Defining the perivascular tumour microenvironment after neoadjuvant chemotherapy within triple negative breast cancer and correlation to metastasis

Background: Triple negative breast cancer (TNBC) remains a formidable challenge due to its high metastatic potential, limited treatment options and poor survival rates. In mouse models of cancer, tumour associated macrophages (TAMs) have been shown to accumulate around tumour blood vessels, where they promote tumour angiogenesis, immunosuppression and metastasis, reduce the efficacy of frontline anti-cancer treatments, and drive relapse.
Methods: Multiplex immunofluorescence staining and AI-based image analysis were used to quantify TAMs (and other immune cells) in perivascular (PV) and non-PV areas of human TNBCs in both untreated and neoadjuvant chemotherapy (NAC)-treated TNBCs. This was assessed in both tumour cell islands and the tumour stroma. Follow-up data for a 3-year period after surgery enabled these immune features to be correlated with metastasis. An ex vivo microfluidics assay was also established to model the PV features observed in TNBC sections. This used human endothelial cells to create perfusable microvessels in a fibrin gel, fibroblasts, cancer cells and macrophages.
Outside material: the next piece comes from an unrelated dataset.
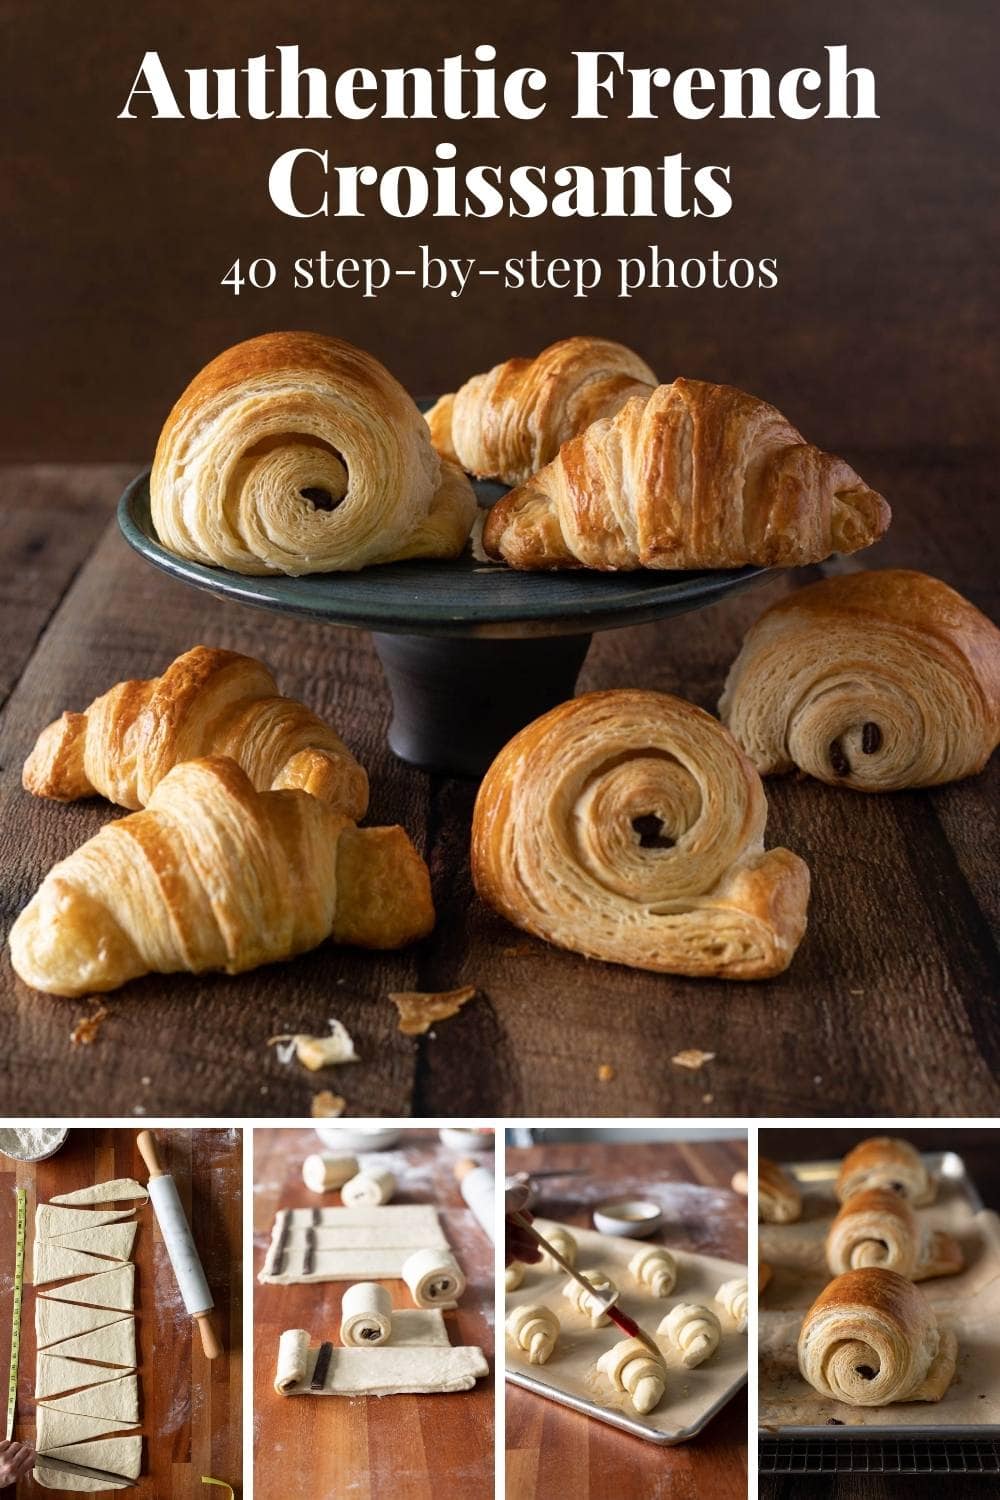 Make authentic French croissants and chocolate croissants with 40 step-by-step photos via @bessiebakes
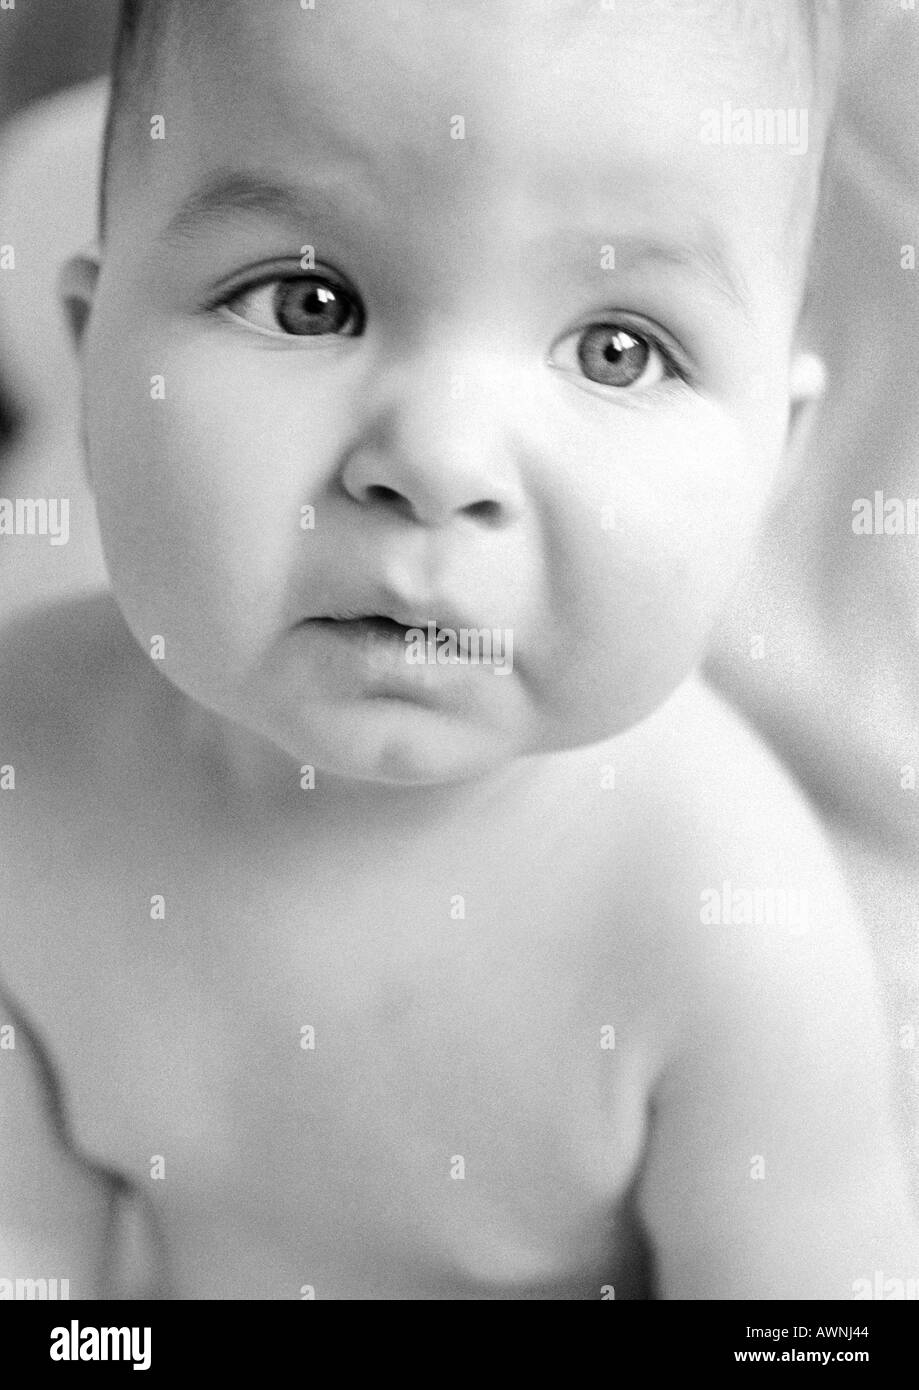 Baby looking up, close-up, B&W. Stock Photo

Results: In tumors from patients who developed metastases after NAC, there were significantly lower levels of stromal CD163+ TAMs (especially those expressing the
negative checkpoint regulator, T-cell immunoglobulin and mucin domain 3, ‘TIM-3’) than in those from disease-free patients. Although these cells were predominantly PV in tumours, significant differences in their density between the above 2 patient groups were only seen in non-PV areas of the stroma. CD4+ T cells (but not CD8+ T cells) preferentially located to PV areas in all TNBCs, whereas Tregs only did so only after NAC. Distinct subsets of CD4+ and CD8+ T cells formed PV clusters with CD163+ TAMs and Tregs which were retained after NAC.
Conclusions: The density of stromal TIM-3+ CD163+ TAMs may represent a new biomarker in NAC-treated TNBC to identify patients at a higher risk of relapse.